Now…onto the taters. We all have that one vegetable that we could NEVER get sick of. Mine? SWEET POTATOES. Every time I’m in the grocery store, I swing by and grab a sweet potato even if the recipe I’m making doesn’t call for it. You never know when you’re going to have a sweet potato fry craving! Seriously, I’m in love with a vegetable (sorry Mark, you’ll have to share me).
Another great thing about this majestic root vegetable is that there are so many different ways to prepare it. YOU CAN…
- Spiralize it into NOODLES
- Grate it into a HASH
- Chop it into FRIES
- Mash them up into MASHED potatoes
- oooorrr bake them and STUFF them with all of your favorite toppings (WINNER)
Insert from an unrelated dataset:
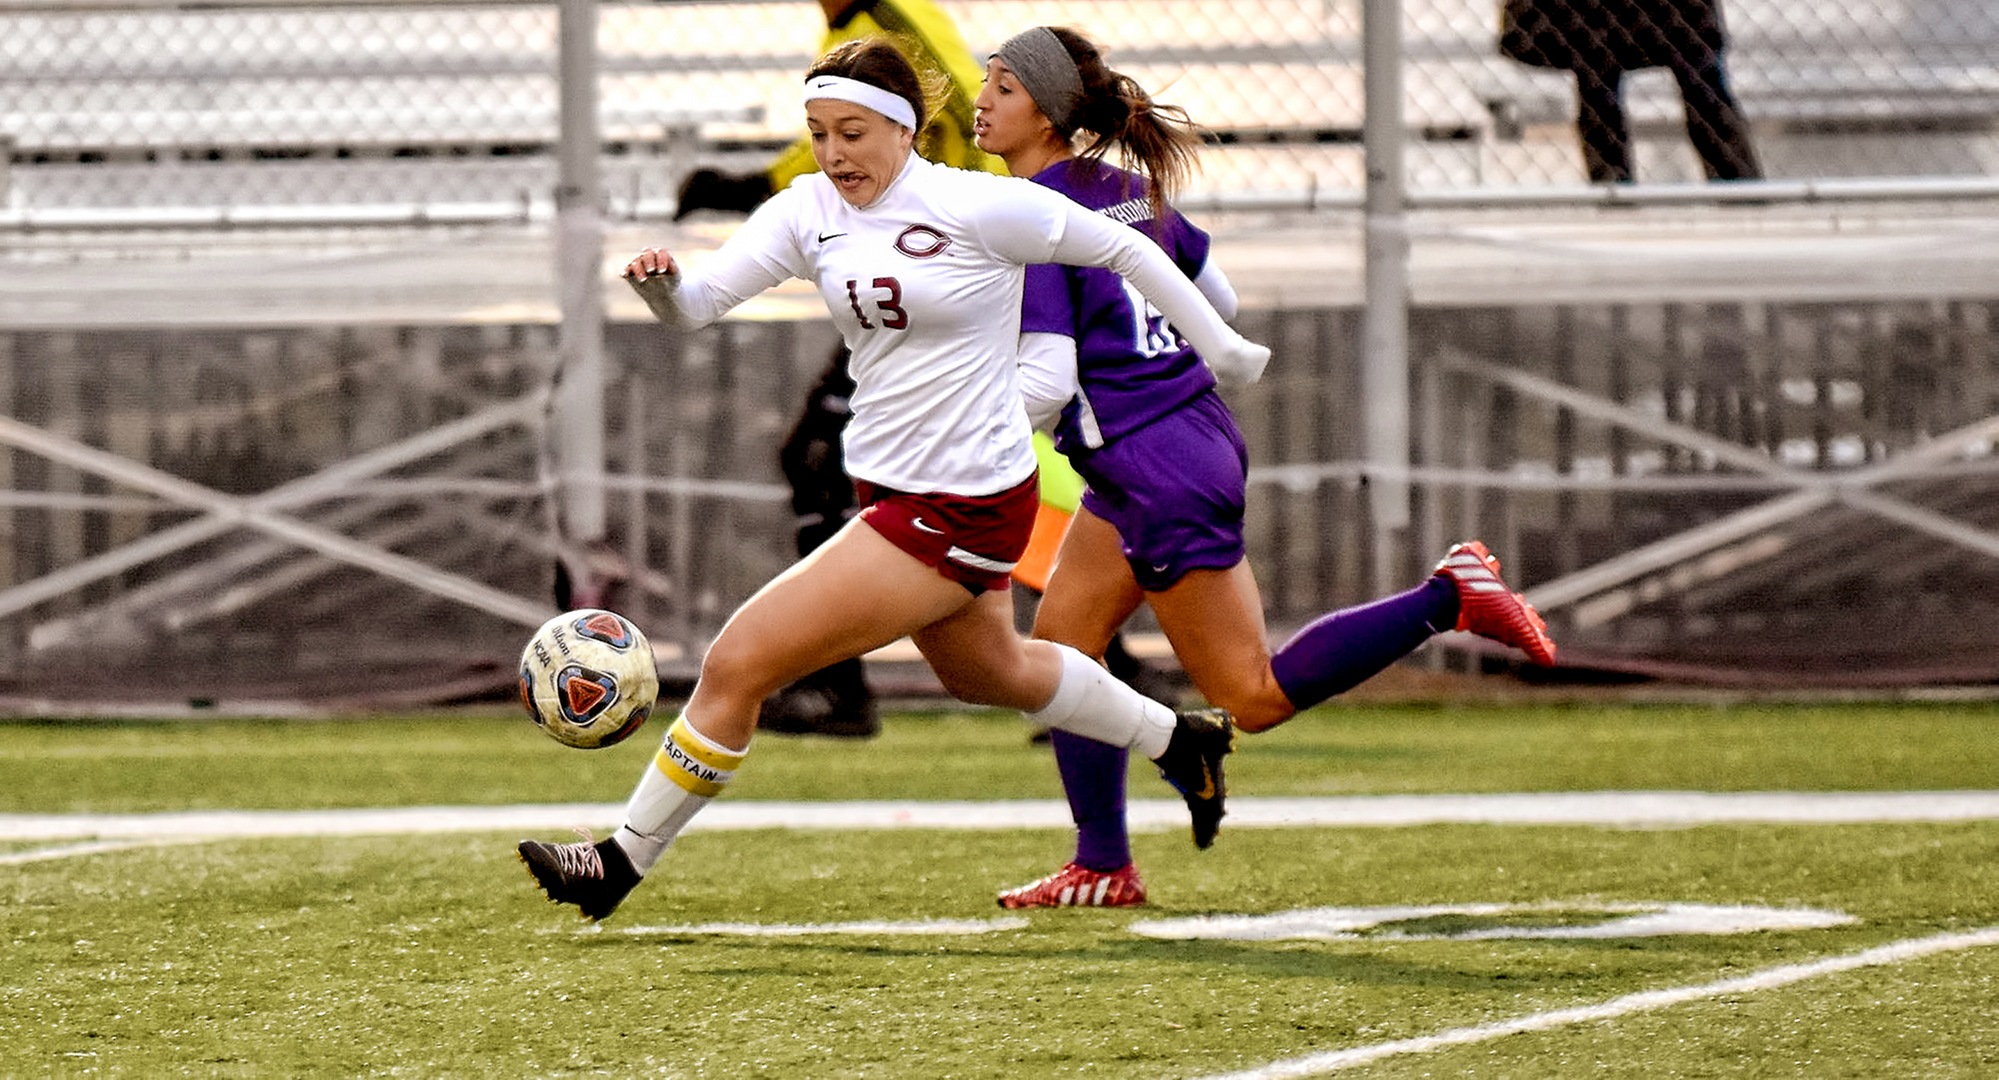 Senior Kalli Baarstad gets control of the ball and heads toward the St. Thomas goal in the first half of the Cobbers' game with the Tommies.

Baked potato bar was my all time favorite hot lunch in high school. Everyone got a spud and then you could make it your own by adding veggies, meat, cheese, and everything in between. PEOPLE, all you have to do is wash up your sweet potatoes, oil them, salt & pepper them, and then throw them in the oven to bake for about an hour.
- Green Onion
- Maple Syrup
- Fried Egg
- Dill Greek Yogurt
- Cheddar Cheese
- Green Onion
- Bacon Bits
- Black Beans
- Red Onion
- Lime Juice
- 4 sweet potatoes, washed
- 2 tablespoons olive oil
- salt and pepper, to taste
- First, wash your sweet potatoes.
- Next, drizzle a 1/2 tablespoon of oil over each sweet potato. Make sure to coat the whole spud.
- After you oil the potatoes, season with salt and pepper to taste.
- Then, wrap each sweet potato in tin foil and poke holes (with a fork or knife) all around the potato. Lastly, throw them in the oven and cook them at 425ºF for 45-60 minutes.
- When the potatoes are done, make sure they are cooked all the way through by poking them with a fork. If there is no resistance, they are done!
- Top with your favorite toppings and ENJOY!